Task instructions: An exact copy of the data is needed, one that excludes all pictures.

[Raw data Boundary: Start]

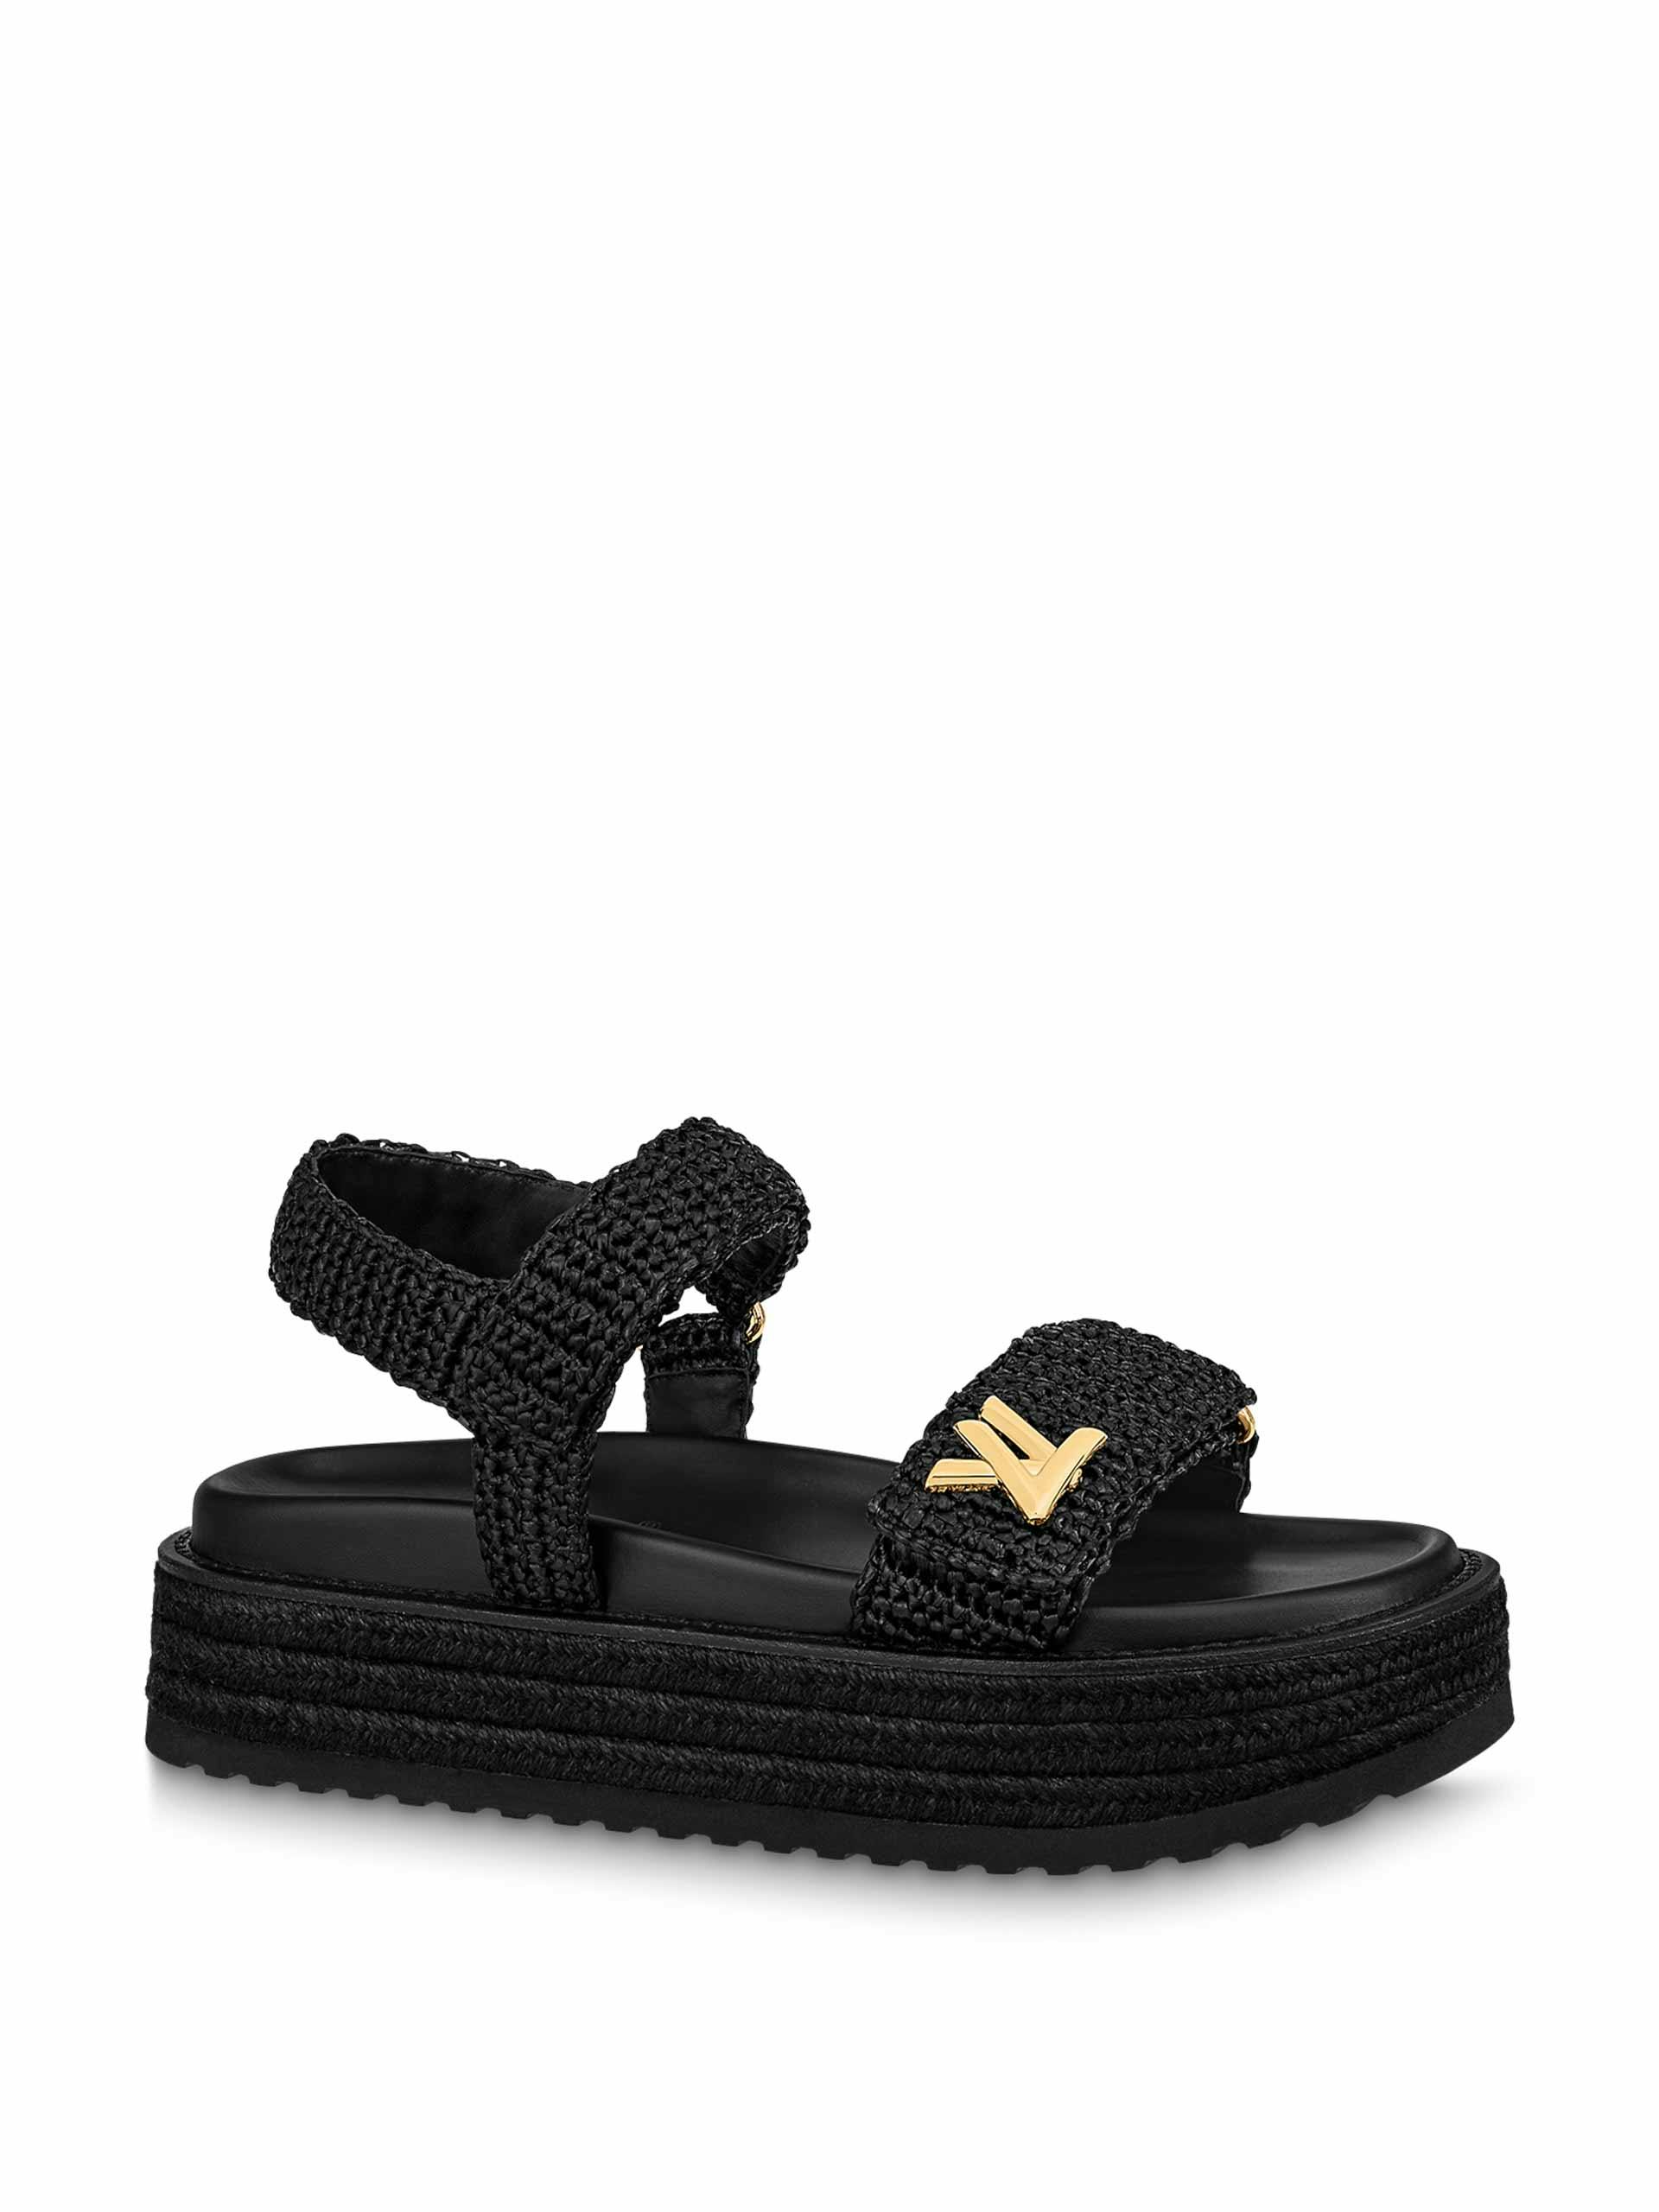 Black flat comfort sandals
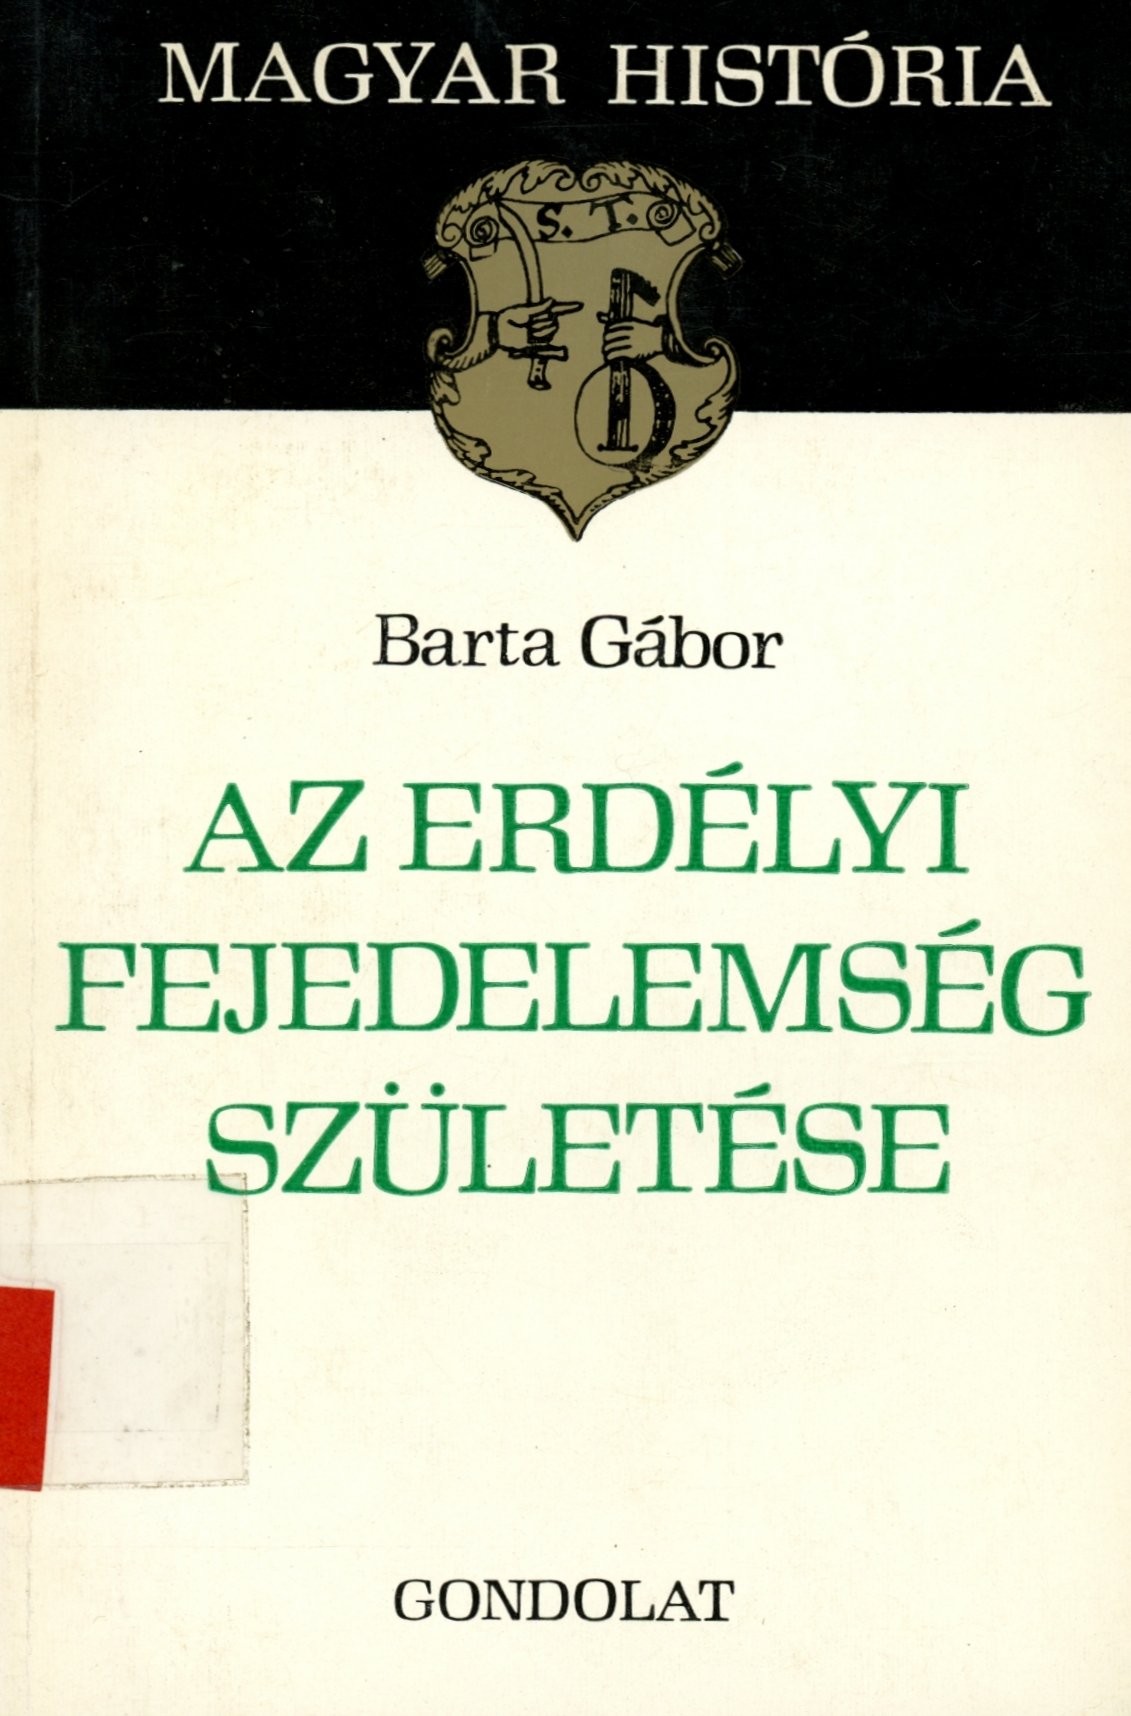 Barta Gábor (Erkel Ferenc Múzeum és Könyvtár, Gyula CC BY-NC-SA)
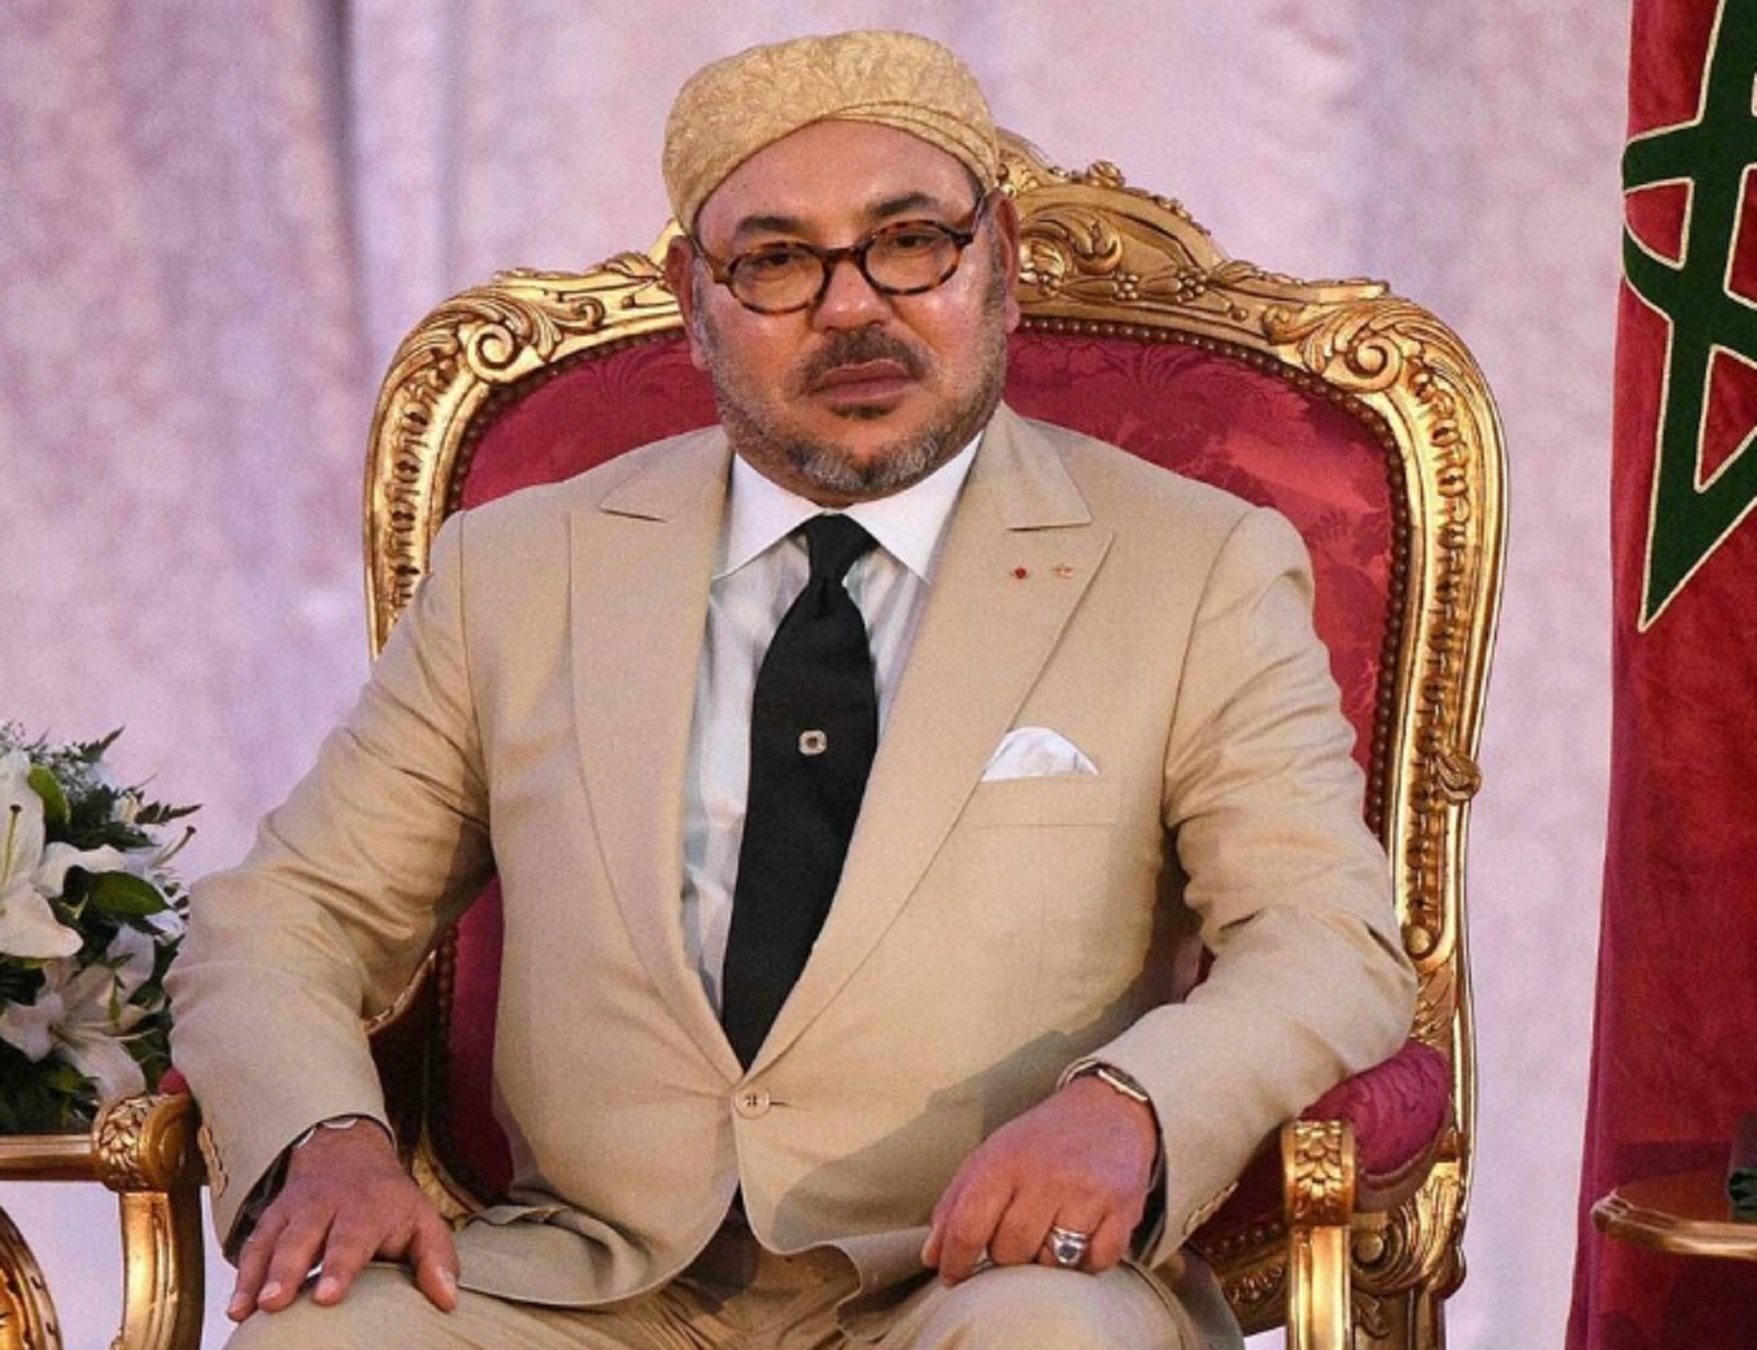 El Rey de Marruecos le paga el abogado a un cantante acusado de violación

[Raw data Boundary: End]

Your solution:
 Black flat comfort sandals
 Barta Gábor (Erkel Ferenc Múzeum és Könyvtár, Gyula CC BY-NC-SA)
 El Rey de Marruecos le paga el abogado a un cantante acusado de violación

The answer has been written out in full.